Hi, I installed a 2080 Ti and run several DL jobs on it. It turns out that after 20 minutes or so it always froze the system and have ERR! shown in both the Fan and PowerUsage from the nvidia-smi. I have driver version 415.18 and running on CUDA 9.2. Any idea what’s going on?
My training first shows:
RuntimeError: cuda runtime error (73) : an illegal instruction was encountered
Then nvidia-smi becomes:
Sat Dec 8 17:19:57 2018
±----------------------------------------------------------------------------+
| NVIDIA-SMI 415.18 Driver Version: 415.18 CUDA Version: 10.0 |
|-------------------------------±---------------------±---------------------+
| GPU Name Persistence-M| Bus-Id Disp.A | Volatile Uncorr. ECC |
| Fan Temp Perf Pwr:Usage/Cap| Memory-Usage | GPU-Util Compute M. |
|===============================+======================+======================|
| 0 TITAN X (Pascal) Off | 00000000:09:00.0 On | N/A |
| 23% 34C P8 10W / 250W | 142MiB / 12196MiB | 0% Default |
±------------------------------±---------------------±---------------------+
| 1 GeForce GTX 108… Off | 00000000:0A:00.0 Off | N/A |
| 23% 38C P8 9W / 250W | 2MiB / 11178MiB | 0% Default |
±------------------------------±---------------------±---------------------+
| 2 GeForce GTX 108… Off | 00000000:42:00.0 Off | N/A |
| 23% 37C P8 9W / 250W | 2MiB / 11178MiB | 0% Default |
±------------------------------±---------------------±---------------------+
| 3 GeForce RTX 208… Off | 00000000:43:00.0 Off | N/A |
|ERR! 52C P2 ERR! / 300W | 1MiB / 10986MiB | 0% Default |
±------------------------------±---------------------±---------------------+
±----------------------------------------------------------------------------+
| Processes: GPU Memory |
| GPU PID Type Process name Usage |
|=============================================================================|
| 0 1526 G /usr/lib/xorg/Xorg 57MiB |
| 0 1571 G /usr/bin/gnome-shell 82MiB |
±----------------------------------------------------------------------------+
nvidia-smi is just displaying the cuda driver version, i.e the maximum supported cuda version, not the installed cuda version.

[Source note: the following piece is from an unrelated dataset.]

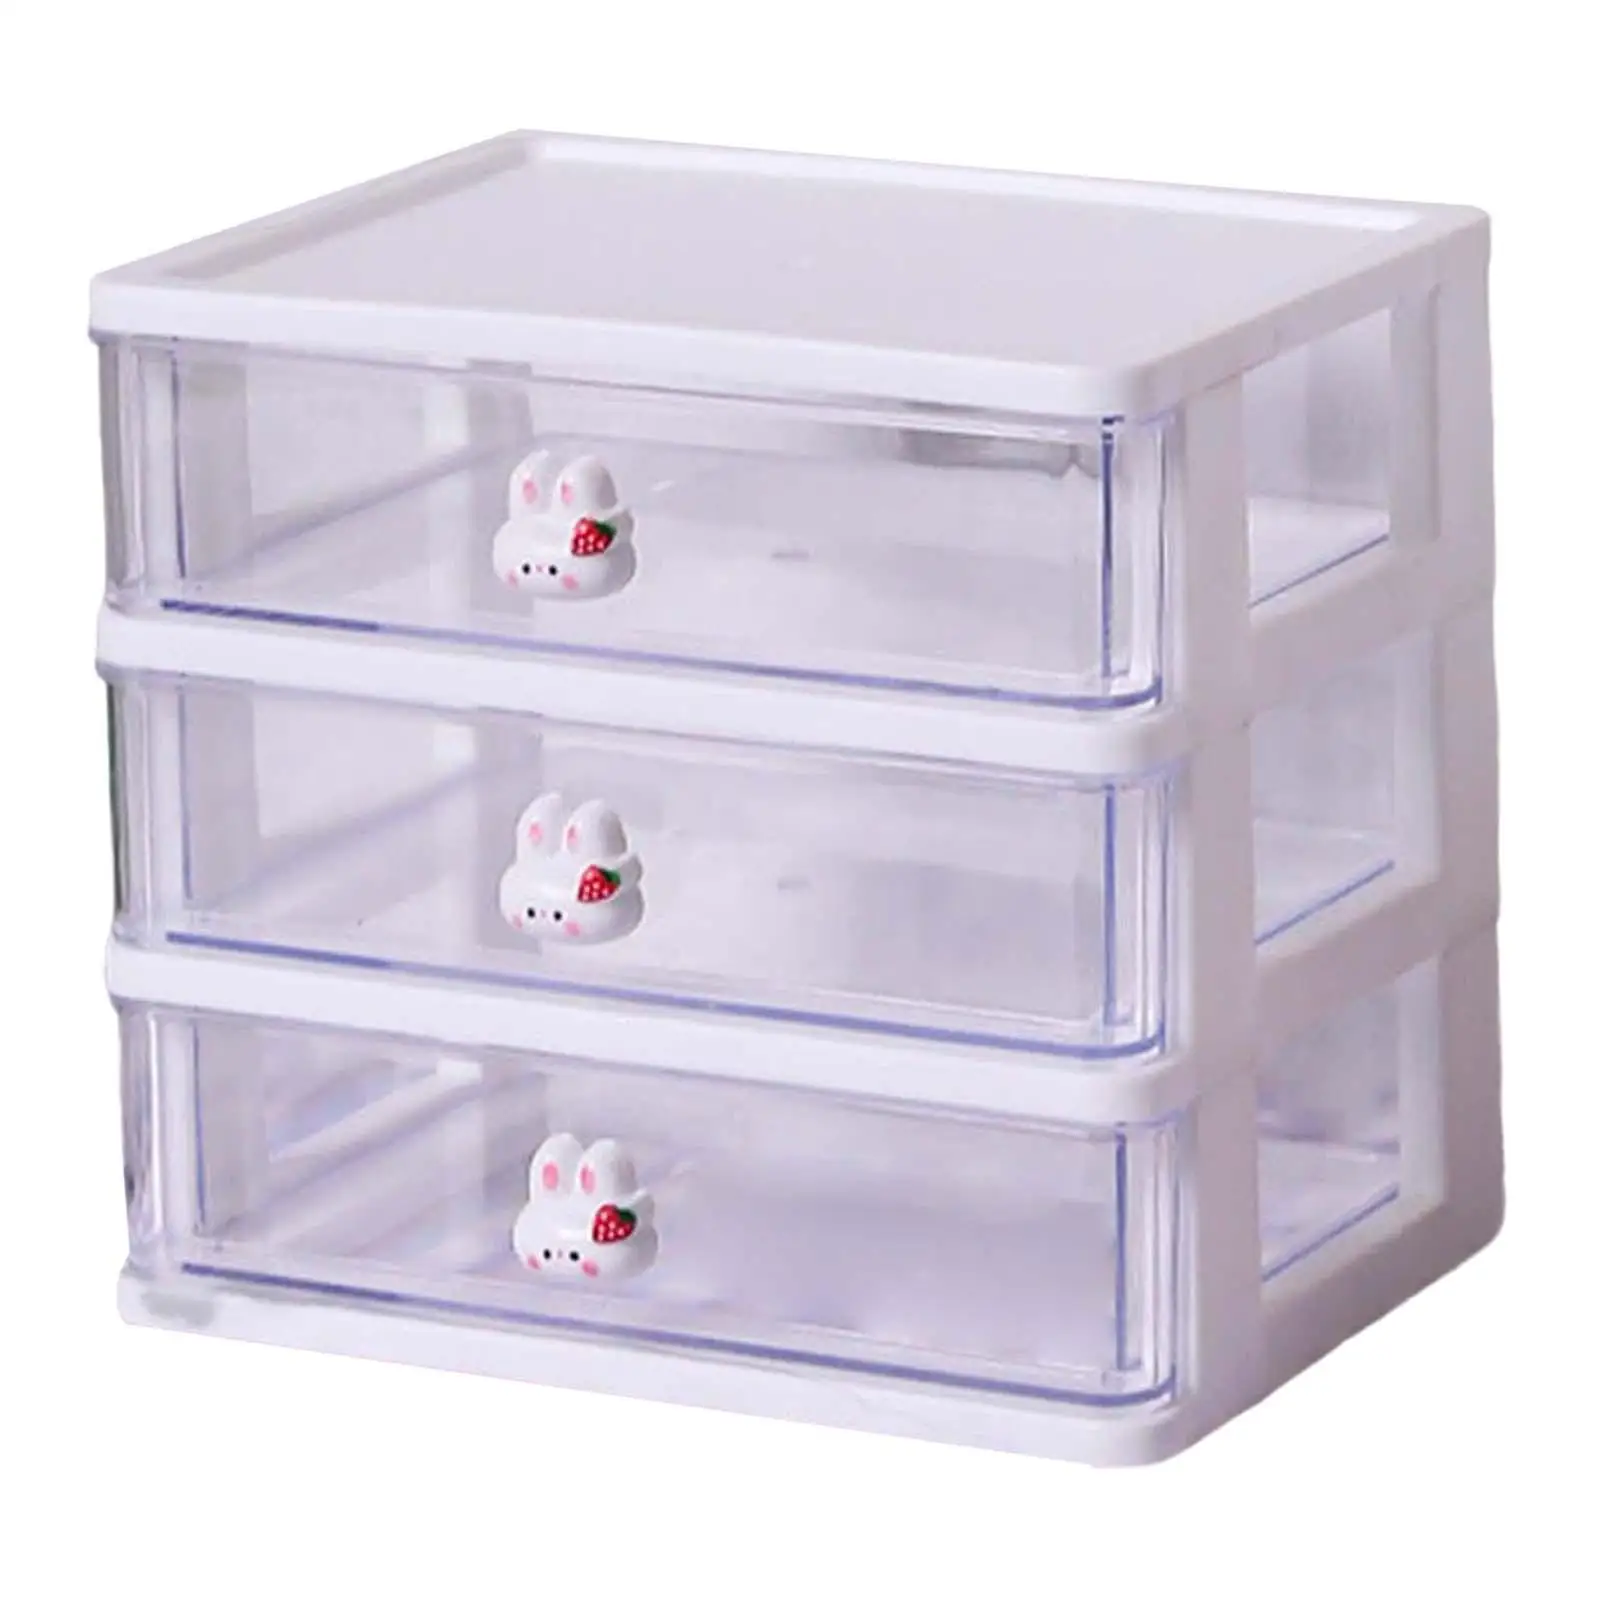 Desktop Drawer Organizer Compartments Storage Drawers Case Stackable for Home Bathroom
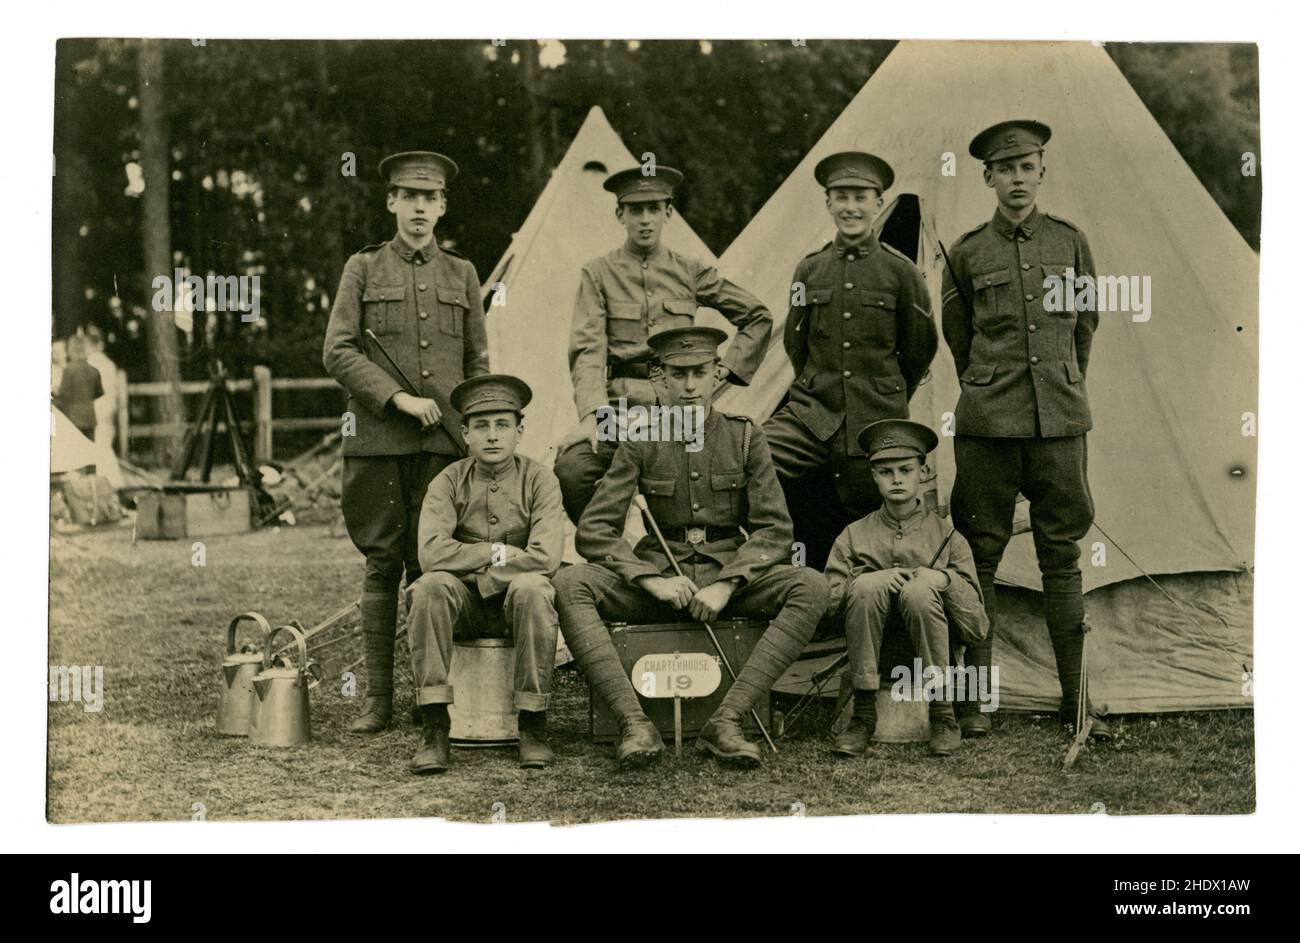 Original WW1 era postcard of young recruits at an Officer training camp - they were Officer Training Corps (junior division) from Charterhouse School of the Queens Royal West Surrey Regiment (The Queens) - which was based at Stoughton Barracks, in Guildford. On their cap badges the recruits have a version of the Queens badge with a Charterhouse banner instead of a Queens banner underneath the Paschal lamb symbol. On the RH tent is written corps 8 hut, the boys have a Charterhouse 19 sign at their feet. The older recruit holding the baton is perhaps a leader or mentor to the younger boys. U.K. Stock Photo

Since it also fails with cuda 10, maybe check the card for a hw failure using cuda-memtest.
I also have problem with this. Mine is the supermicro with 8 GTX 1080 Ti GPUs running on driver 410.78
Please advise what I should do to fix this. The Gpus report Fan as ERR! and watt also ERR! It sometimes happens and the only way to fix at the moment is to reboot the machine, but we have a lot of ongoing jobs on the server, which makes us reluctant to reboot the server. This problem cause extreme latency and delay and lags for all processes currently.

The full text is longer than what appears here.